* _Problem to work on_
After finding "Alarm clock PNG images free download." in the data, write out its line and all following lines without change, up to and including the last one. Leave out pictures.

* _Data shown_
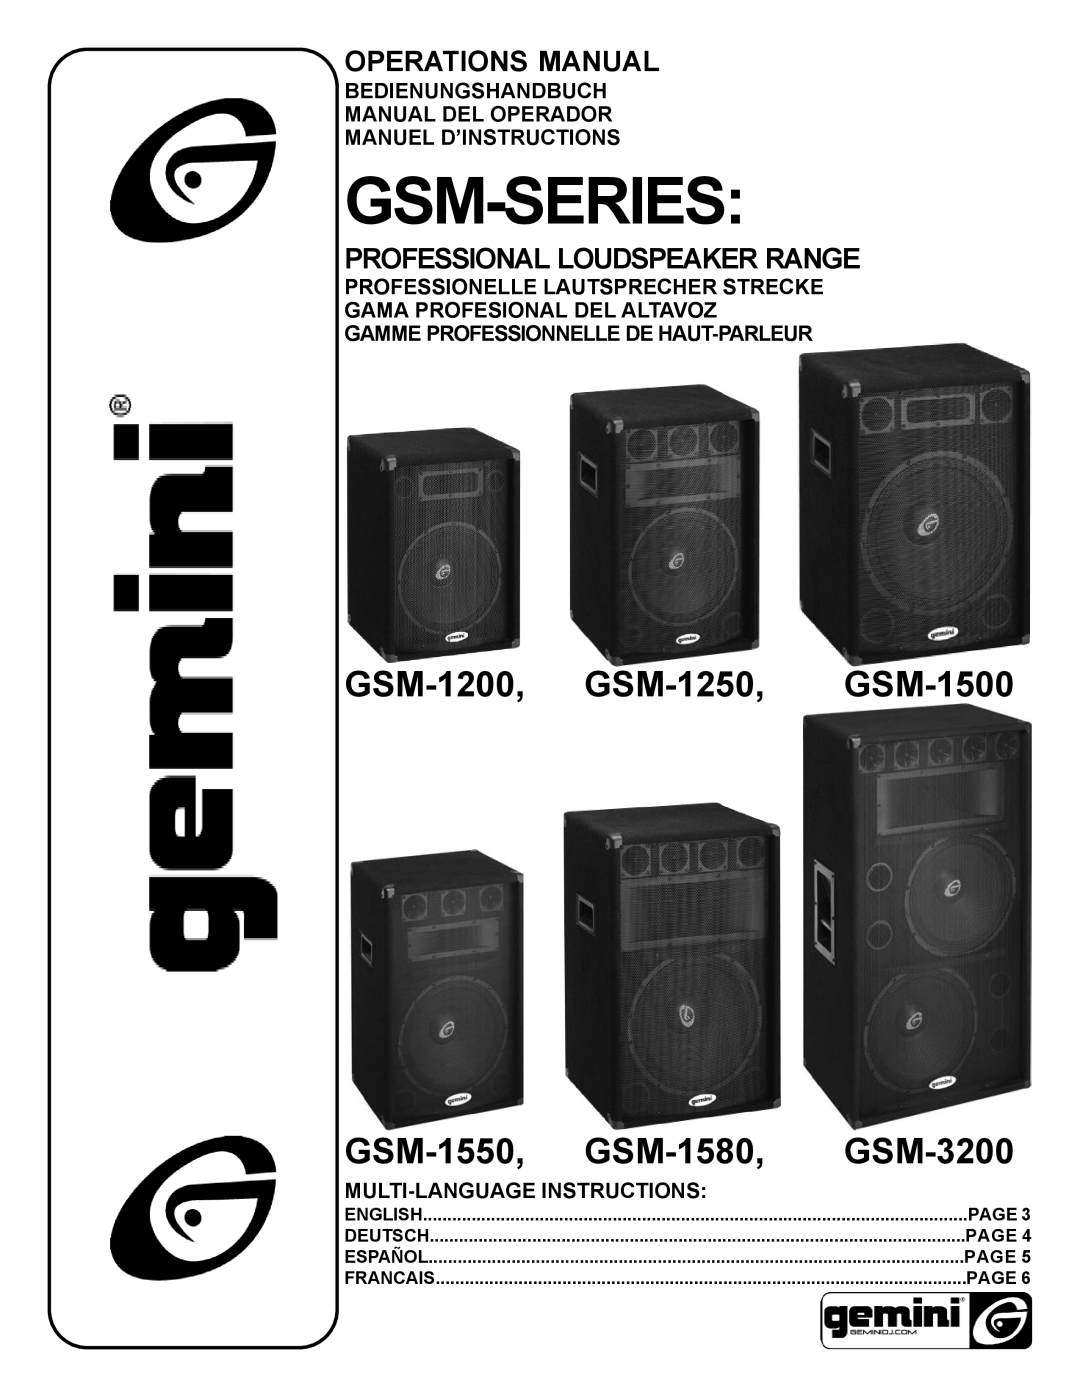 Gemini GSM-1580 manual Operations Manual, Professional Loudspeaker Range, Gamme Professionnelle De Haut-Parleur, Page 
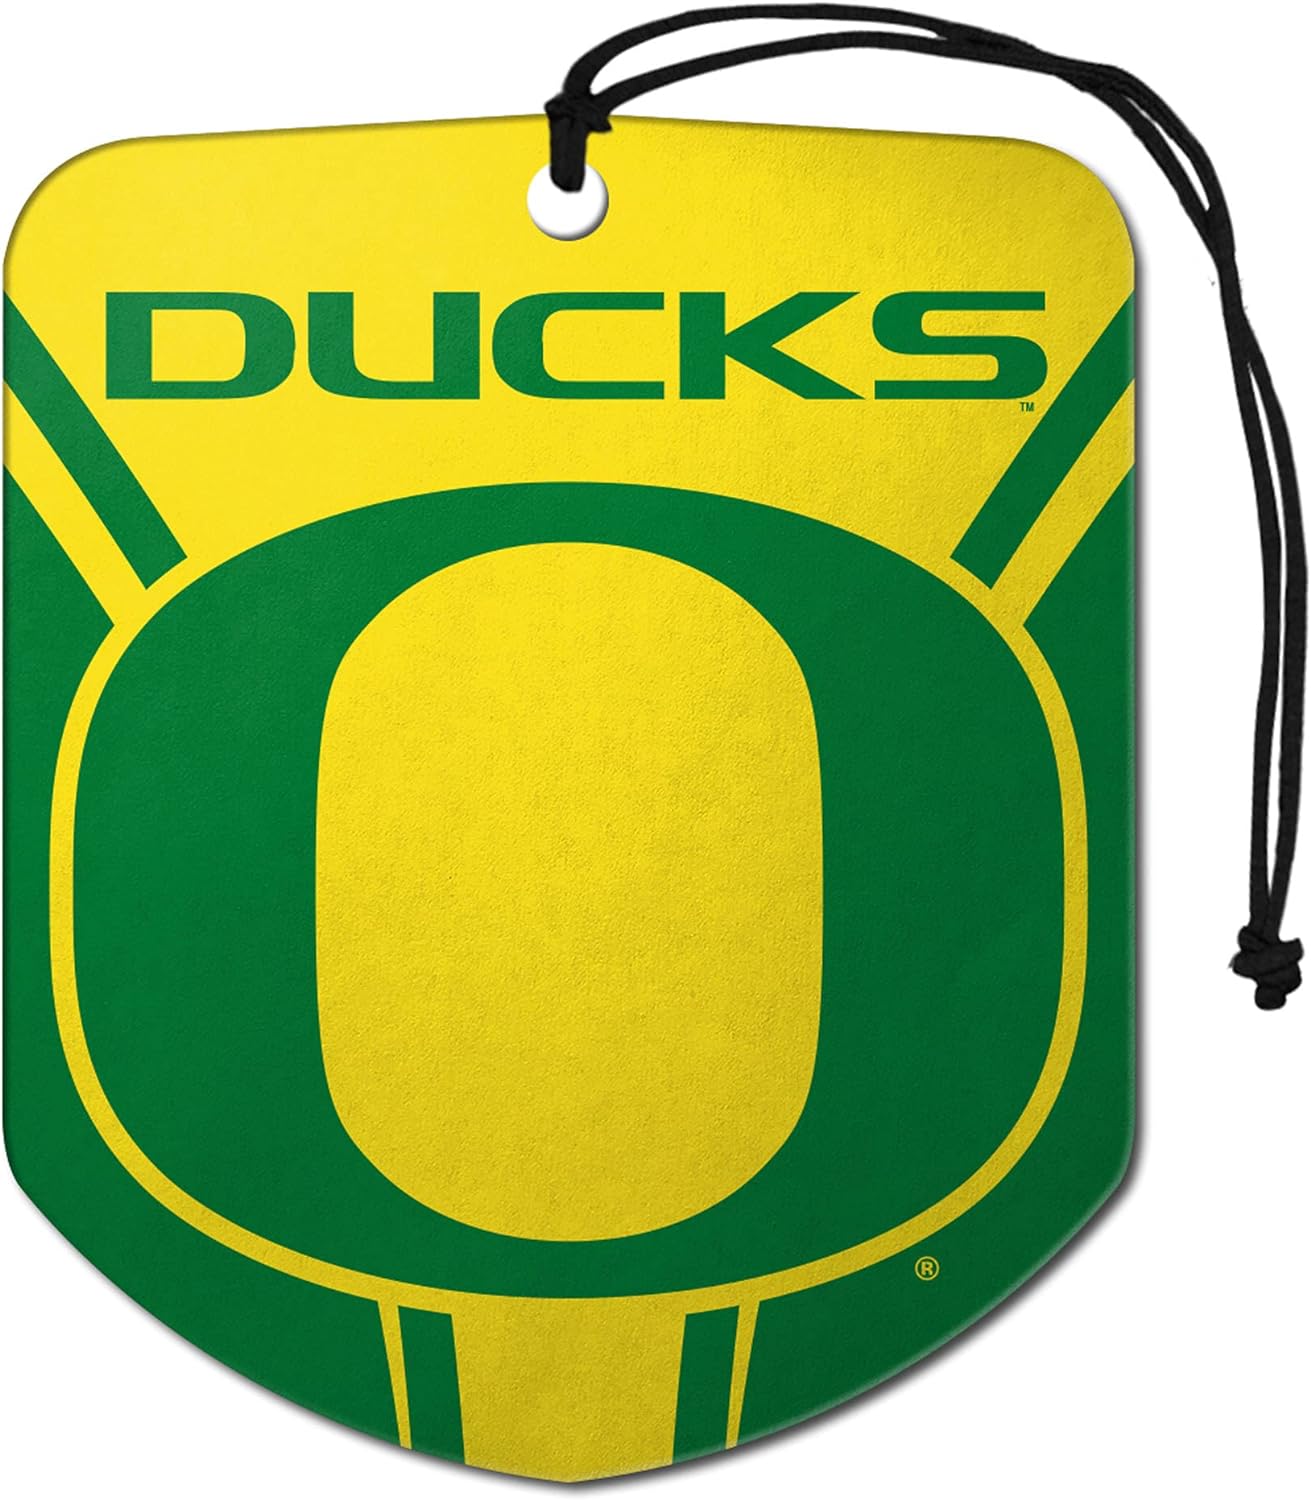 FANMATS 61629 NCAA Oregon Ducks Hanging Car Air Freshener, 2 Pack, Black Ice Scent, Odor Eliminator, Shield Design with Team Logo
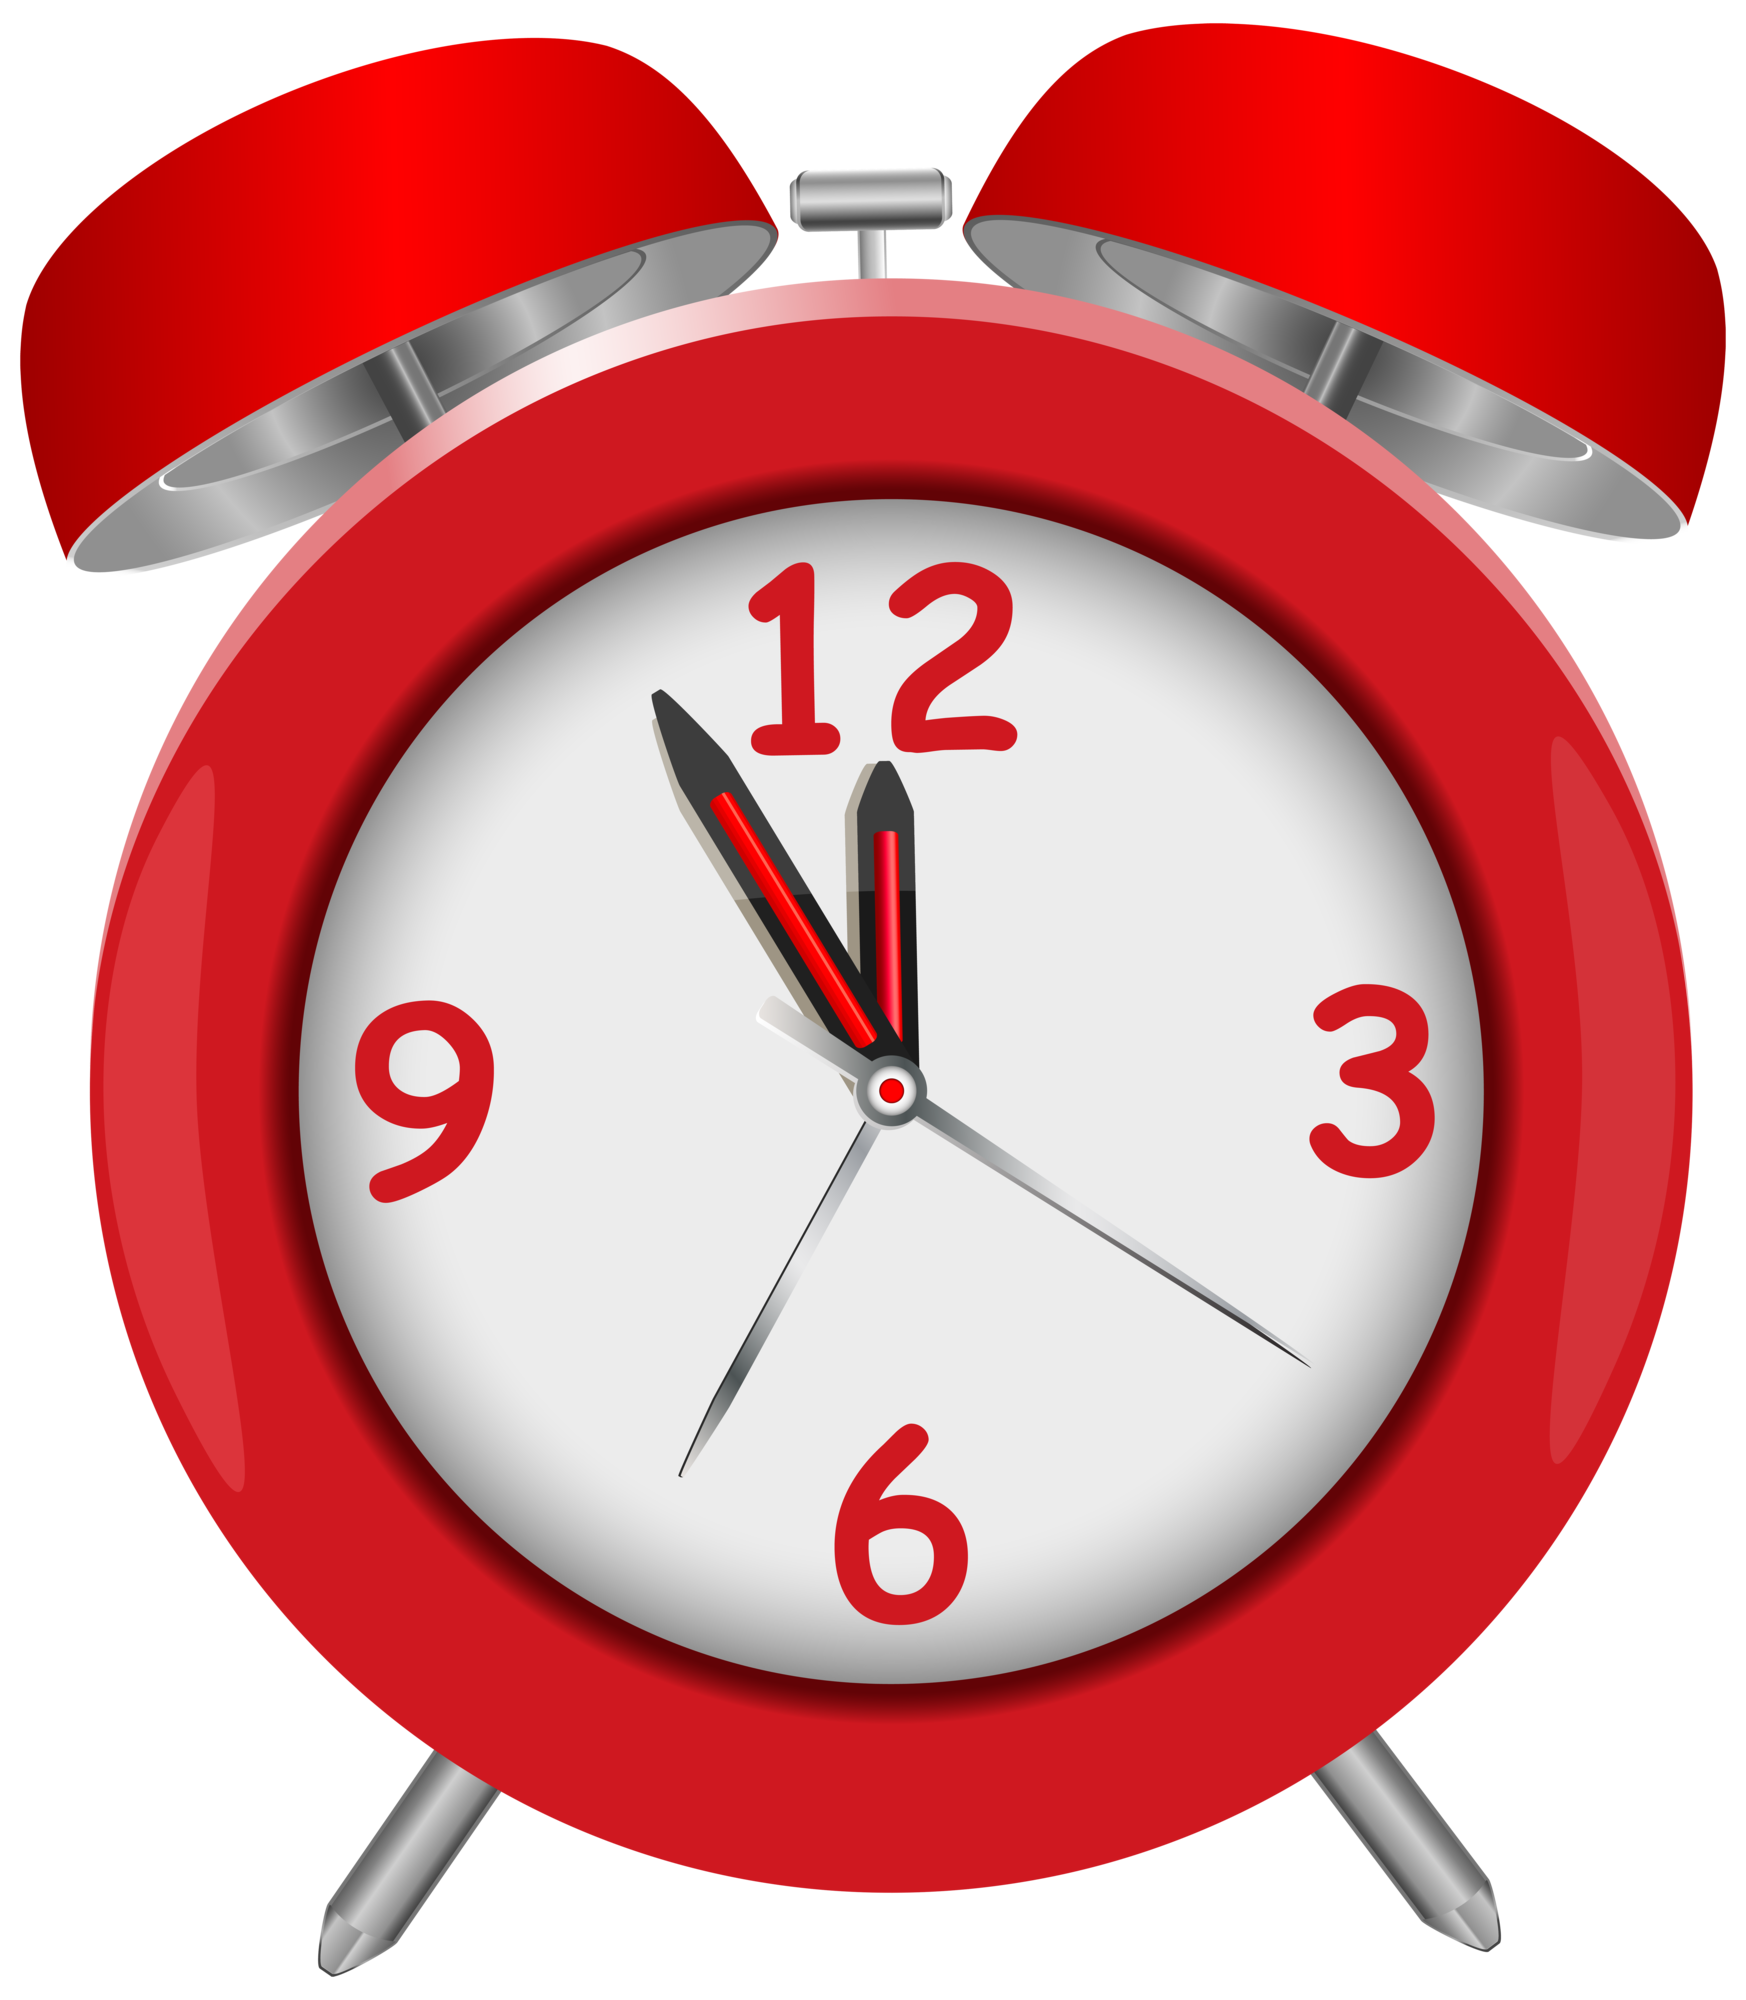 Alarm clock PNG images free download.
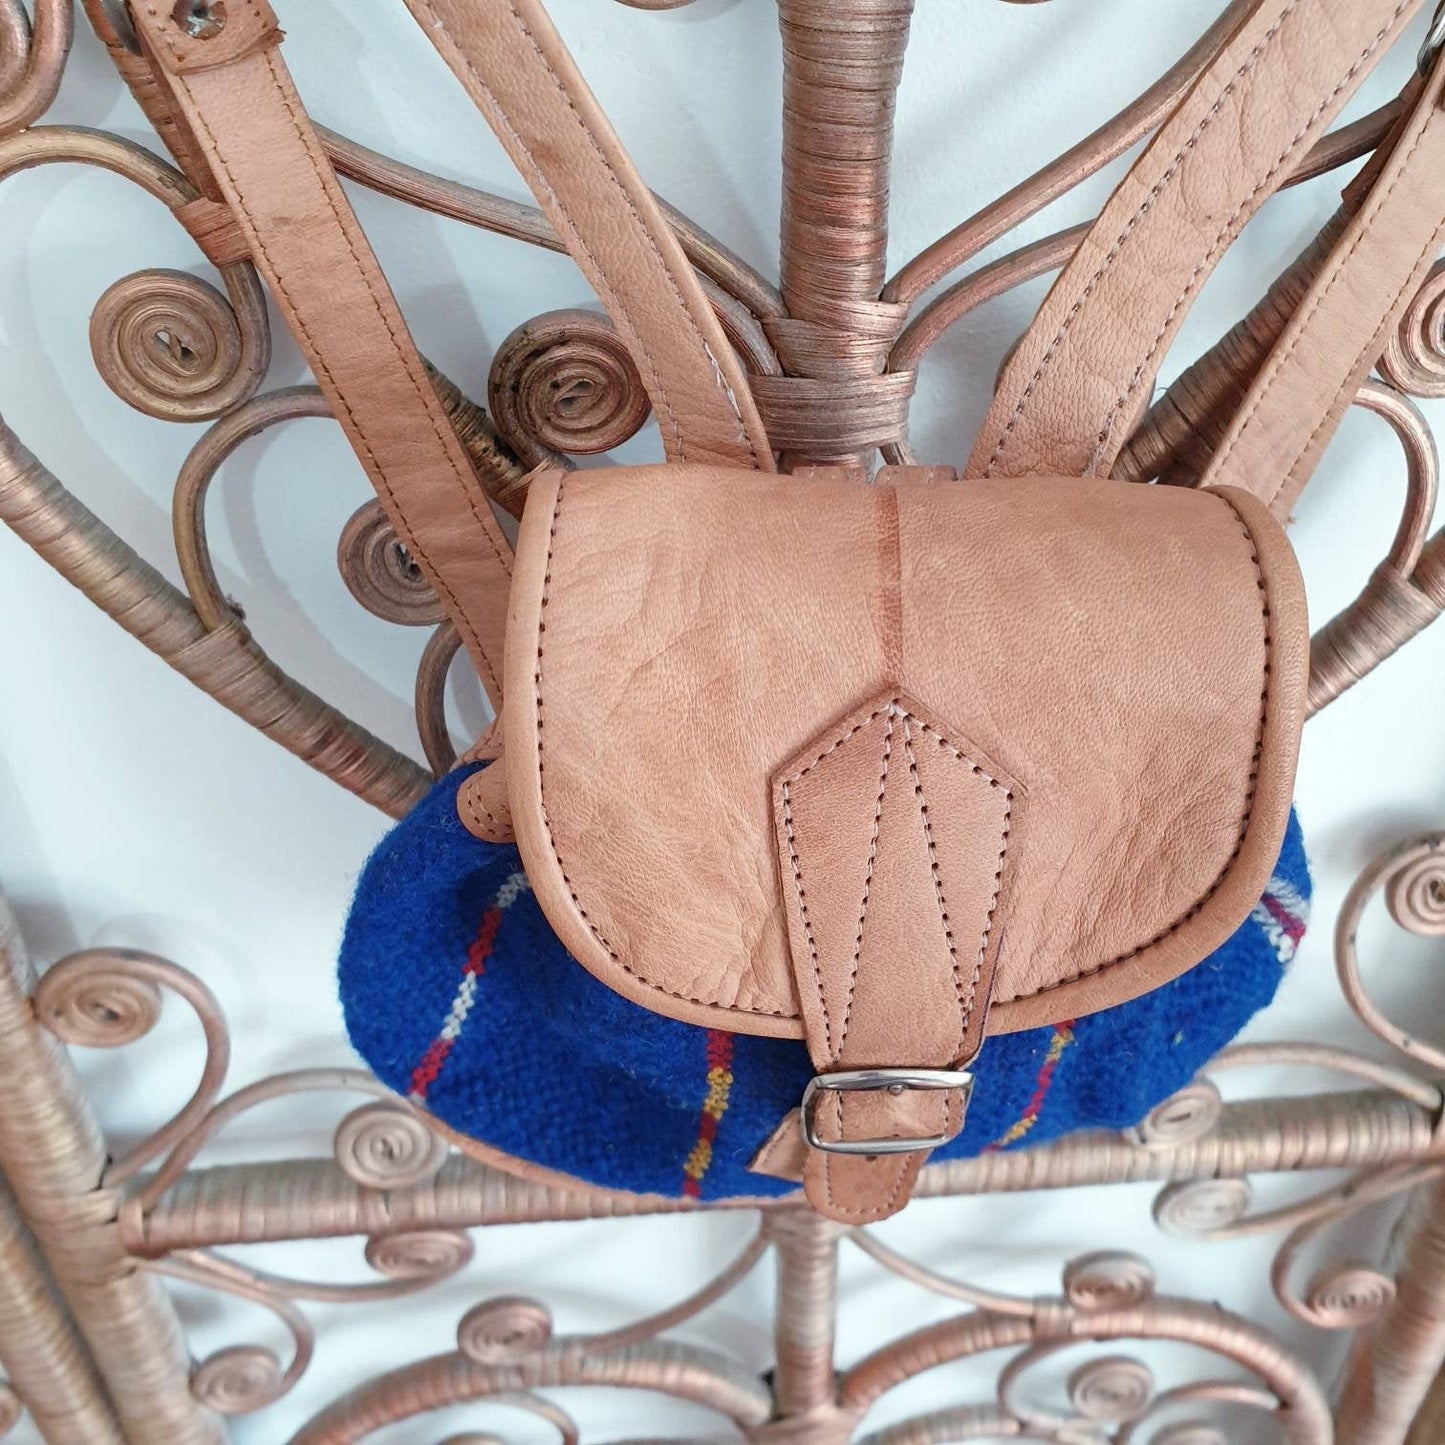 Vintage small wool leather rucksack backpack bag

* _Result for this exercise_
 Alarm clock PNG images free download.
 Vintage small wool leather rucksack backpack bag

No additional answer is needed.